### DATA FOR THIS EXERCISE
# # # # # # #

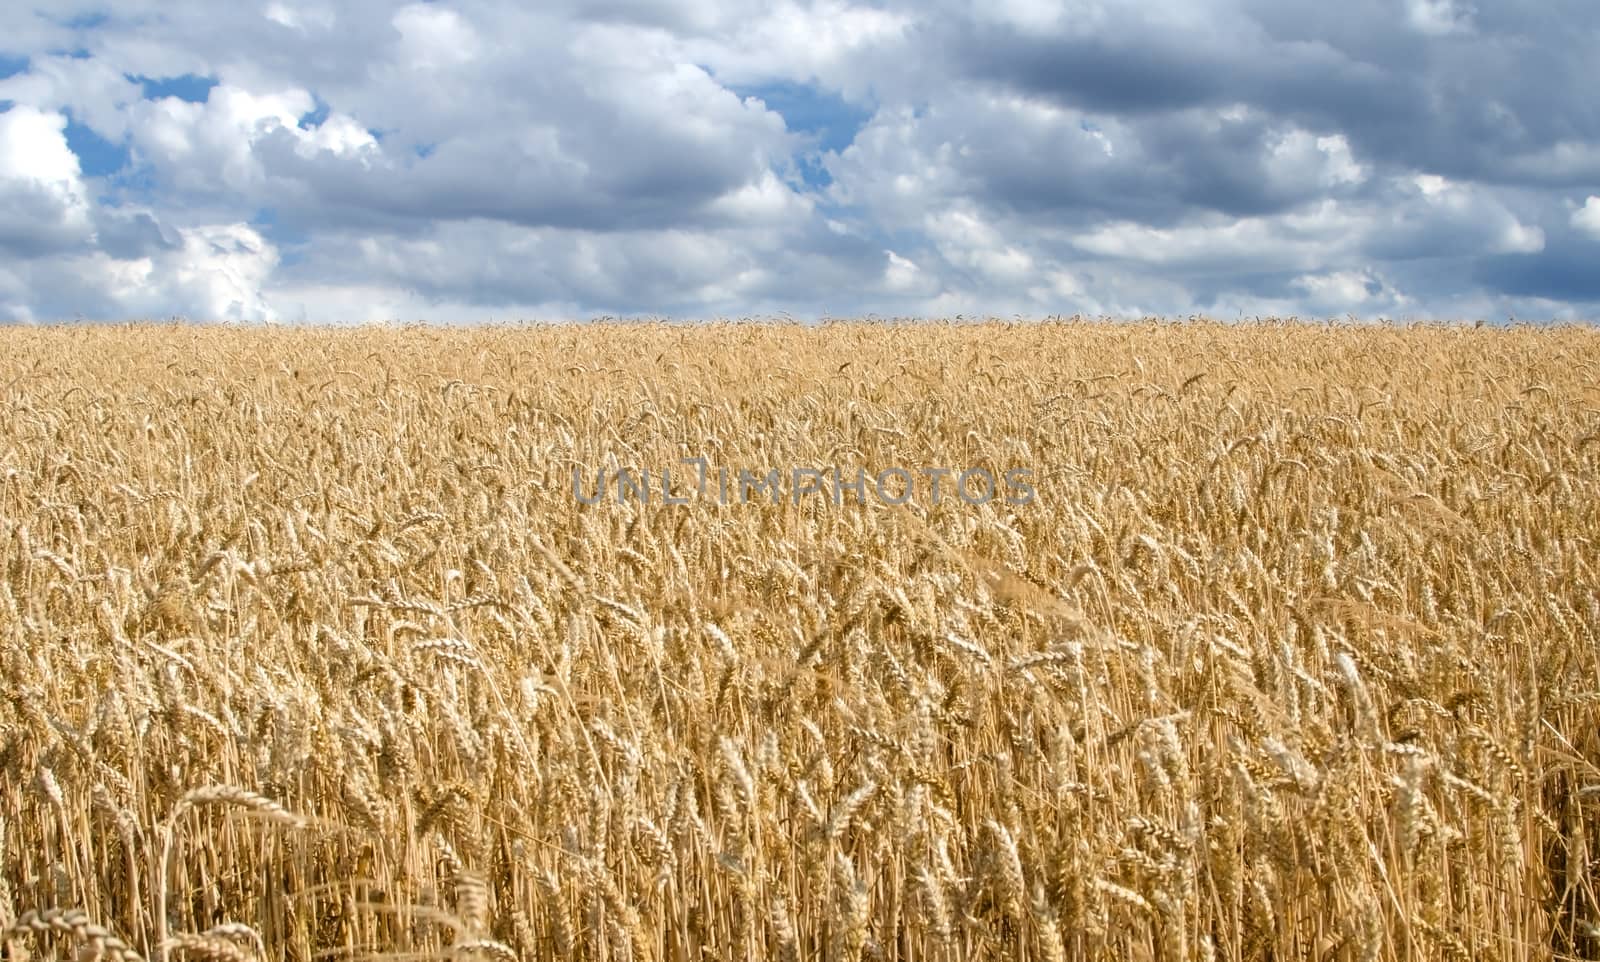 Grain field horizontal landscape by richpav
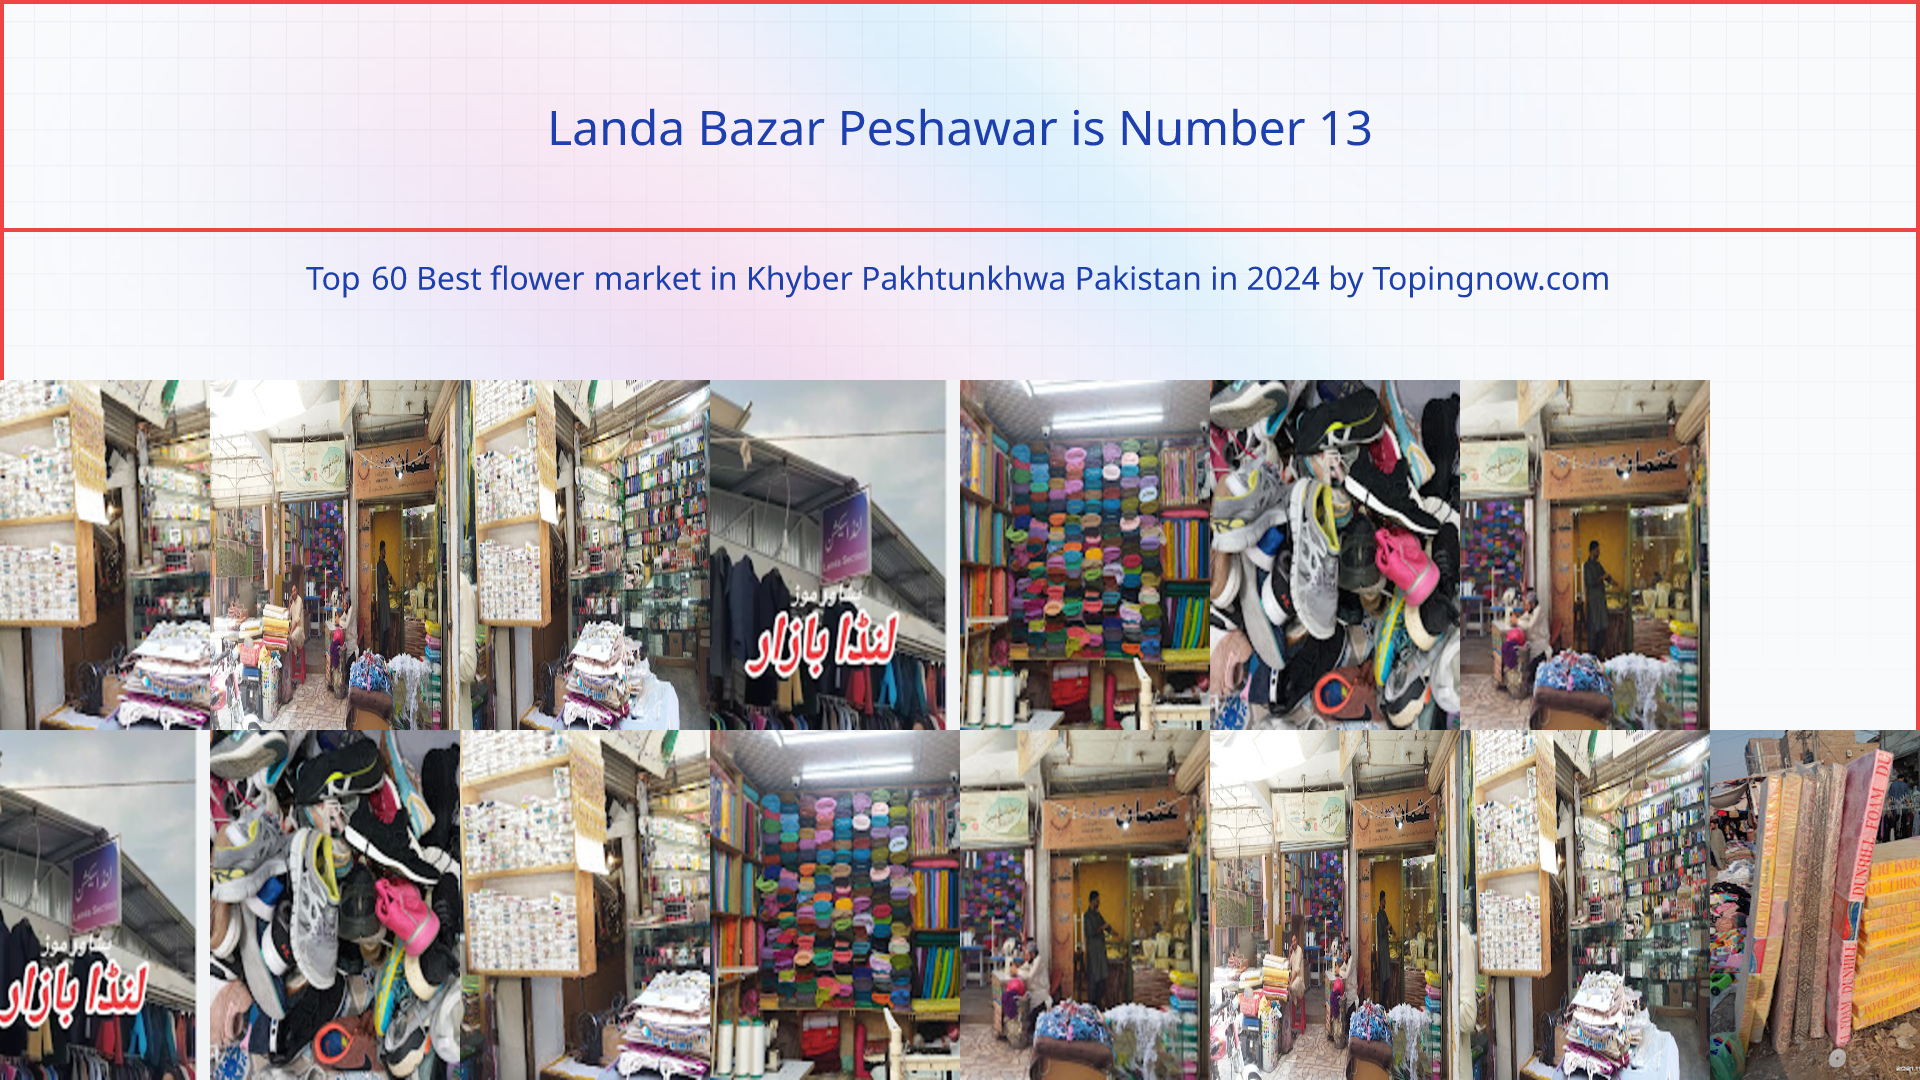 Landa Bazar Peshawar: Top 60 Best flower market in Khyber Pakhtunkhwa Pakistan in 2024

# # # # # # #

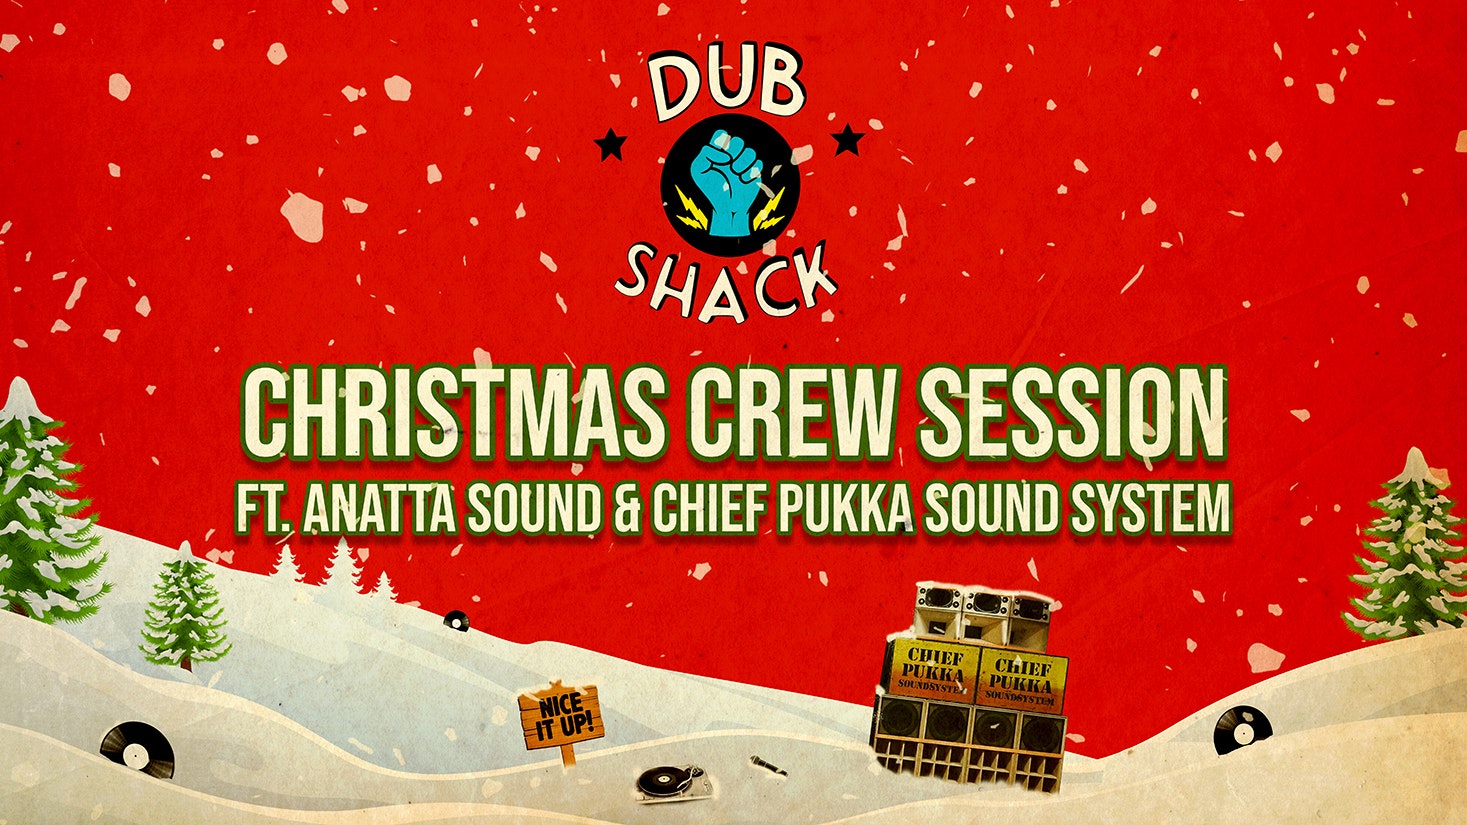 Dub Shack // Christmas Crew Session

# # # # # # #

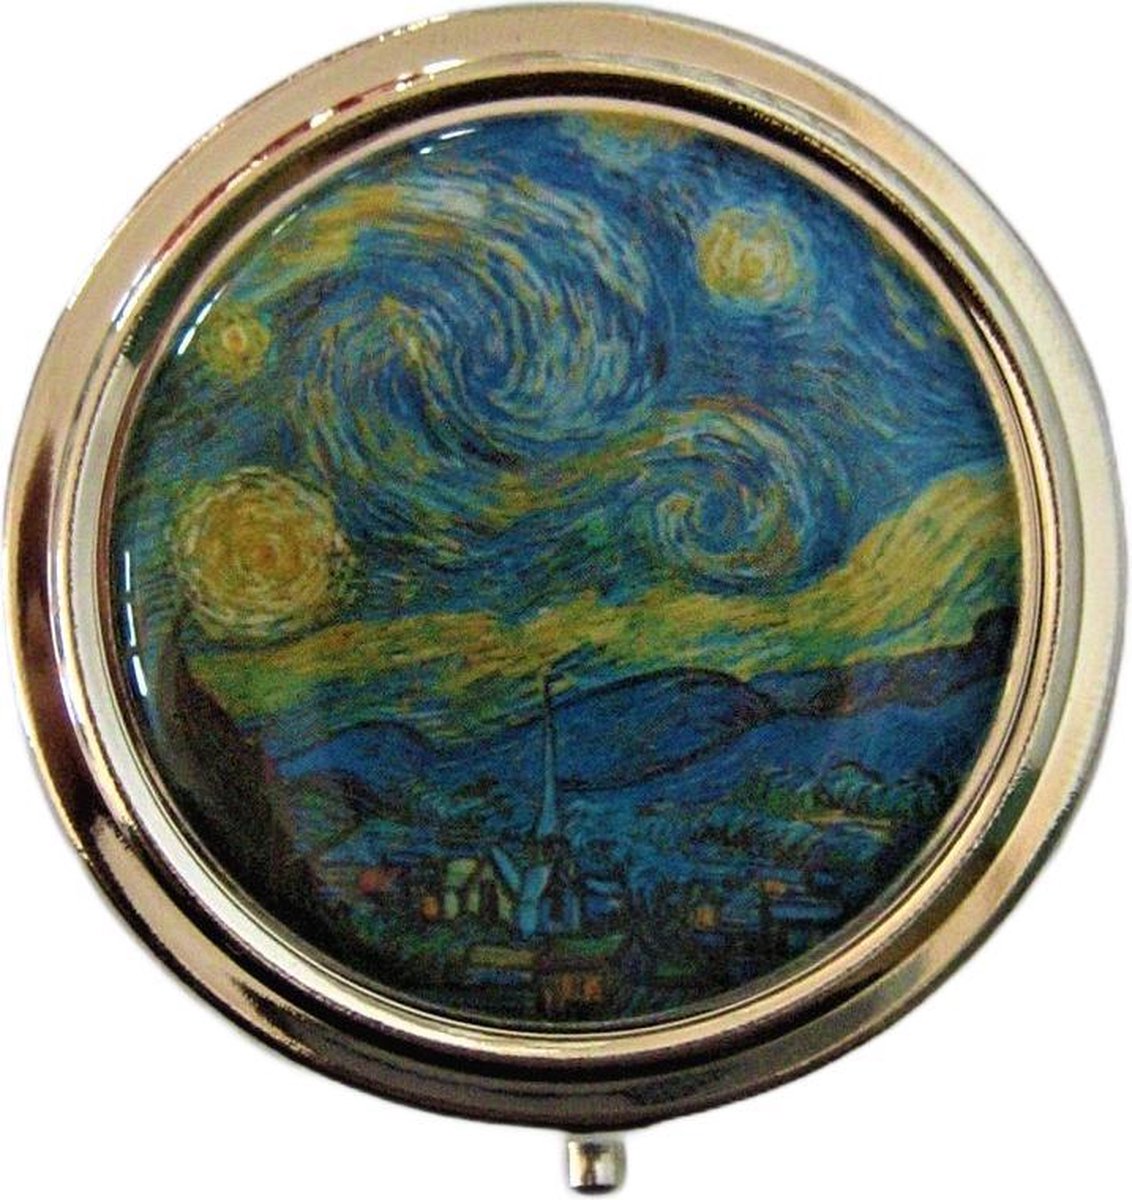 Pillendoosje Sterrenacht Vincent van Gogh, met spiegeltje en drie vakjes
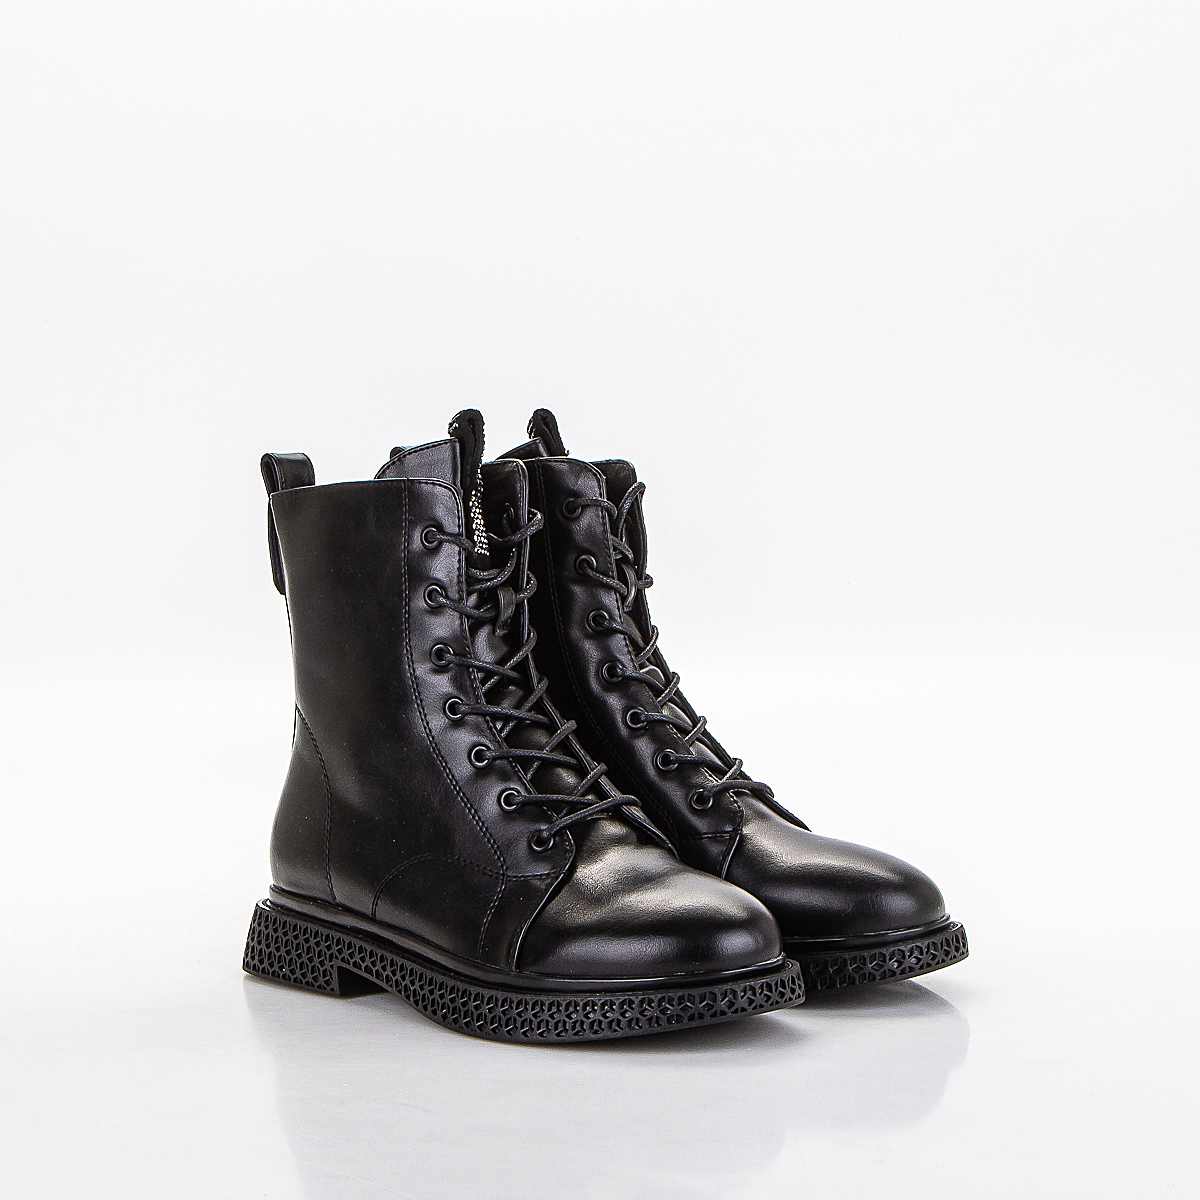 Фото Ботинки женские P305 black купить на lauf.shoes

# # # # # # #

### WORK INSTRUCTION
Exact copy, no pictures. Write out the lines in the entries above, starting with the line with "Pillendoosje Sterrenacht Vincent" and going on through the line with "Фото Ботинки женские", keeping both.

### SOLUTION FOR THIS EXERCISE
 Pillendoosje Sterrenacht Vincent van Gogh, met spiegeltje en drie vakjes
 Фото Ботинки женские P305 black купить на lauf.shoes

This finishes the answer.